Every of present employed indapamide slow release tablet only contains indapamide low dose of about 1.5mg usually.In the indapamide slow release tablet pharmaceutical formulation, the hydroxypropyl emthylcellulose (HPMC) that much adopts the high viscosity specification is as slow-release auxiliary material.As a kind of medicinal high polymer adjuvant commonly used, HPMC runs into the gel group that forms corrosion gradually than meeting swelling behind the big water gaging, can play good slow release control effect.But when producing, in pharmaceutical formulation, contain viscosity higher with (or) HPMC of big consumption, if adopt wet granulation technology, can receive a lot of restrictions.Can not adopt water is exactly one of them as wetting agent or adhesive solvent granulation; Because directly pour water in material restir mixing no matter be; Still under the material stirring, pour water gradually into and mix, all can make the HPMC powder generate unusual thickness, gel group not of uniform size rapidly, in part dry powder is wrapped in; Becoming the machine stirring is difficult to its finely dispersed caking can't be made granule.Although water granulates to have advantage is arranged a lot, adopt conventional at present wet granulation equipment and technology be can't water as wetting agent or adhesive solvent accomplish to contain viscosity higher with (or) greatly consumption HPMC or only contain this single adjuvant of HPMC and granulate.
In practical study and the production; When containing HPMC in the mixed material; If adopt wet granulation technology; The usage ratio of HPMC and viscosity are unsuitable too high, generally also need add a large amount of non-sticky adjuvants and come " dilution " HPMC, and need employing should not cause the high concentration of HPMC gelation or dehydrated alcohol (or acetone) could accomplish as wetting agent or adhesive solvent.HPMC viscosity and ratio are big more in pharmaceutical formulation, and the more difficult enforcement of technology is when particularly having only this single adjuvant of HPMC, even adopt organic solvent also can't accomplish granulation.Patent application CN101756927A discloses a kind of prescription of indapamide slow release tablet and has formed and method for preparing, needs to use other more a large amount of adjuvants to make filler, and binding agent adopts alcoholic solution.Adopt this method, on producing, a lot of defectives are arranged.As: used organic solvent is volatile, makes that the HPMC granule of processing is comparatively loose, low, the surperficial regularity of density is poor.In this method, make easily again during granulate that the HPMC granule powders again, often has a negative impact to follow-up mixing, tabletting.In addition, high levels of organic solvents uses, and at aspects such as safety, cost, environmental pollution and dissolvent residuals open defect is arranged all.
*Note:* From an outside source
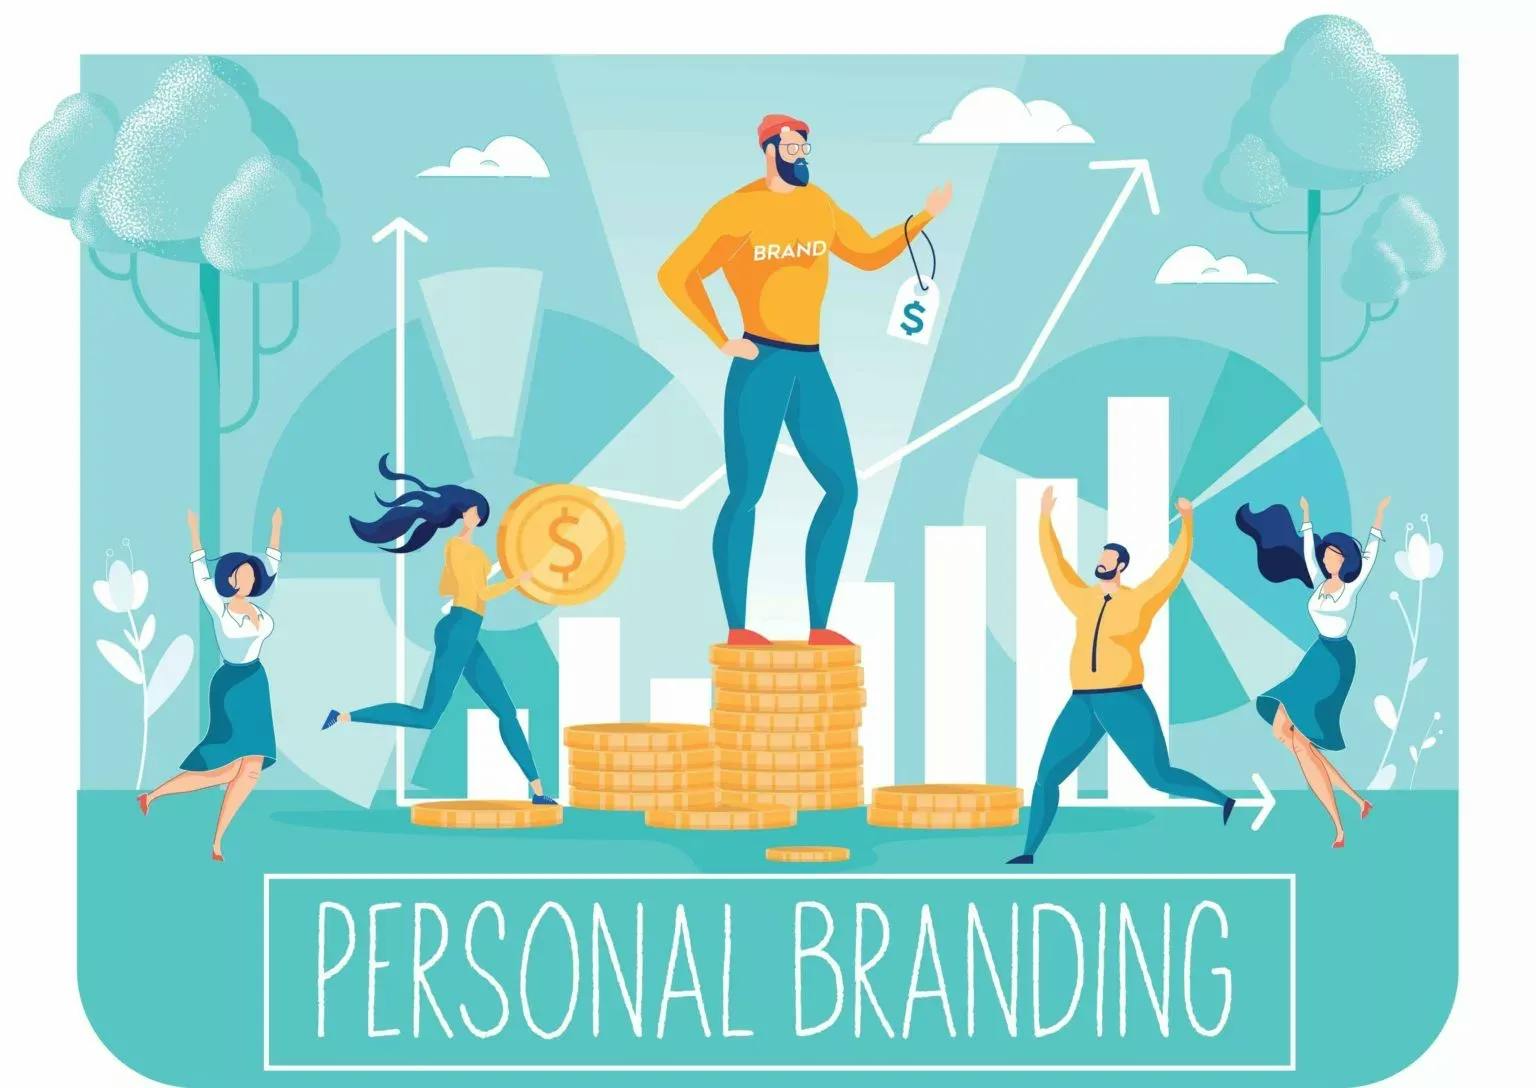 Creating-personal-branding-is-necessary

In the actual production, adopt direct pressed powder or dry granulation mode can overcome the subproblem of foregoing wet granulation, but these methods are had relatively high expectations to equipment and material performance.Undressed HPMC is the fleeces sprills, mobile and compressibility very poor (specification that viscosity is high more is serious more), and the particle diameter of HPMC and indapamide, density have than big-difference in addition, and the indapamide proportion is little, belongs to the mixing of trace drug.Adopt conventional hybrid mode, directly medicine and HPMC are mixed, be difficult to mix homogeneously; Other adjuvant that needs to add more a large amount of good fluidities improves performance; This has not only limited the use of HPMC, has also increased the complexity of cost and prescription, and the while is because of the density variation of medicine and various adjuvants; Again layering easily in the tabletting, these all make quality of the pharmaceutical preparations control difficulty increase.For example; Patent application CN1943564 discloses a kind of prescription of indapamide slow release tablet and has formed and preparation technology, has adopted HPMC as slow-release material, needs to use other more a large amount of adjuvants to make filler; Preparation technology adopts direct pressed powder, implements comparatively difficulty in the production.
Summary of the invention
The purpose of this invention is to provide a kind of slow releasing tablet method for preparing that contains the indapamide medicine.Realized employing water be wetting agent to the HPMC wet granulation, the densification of made HPMC granule is regular, porous surface, good fluidity.Adopt conventional hybrid mode can realize the indapamide mix homogeneously of HPMC granule and trace, accomplish the preparation of slow releasing tablet.Do not need to add in addition other multiple adjuvant, do not need with an organic solvent to granulate, made tablet release degree controlling slow release is respond well, adopts conventional facility for granulating to accomplish.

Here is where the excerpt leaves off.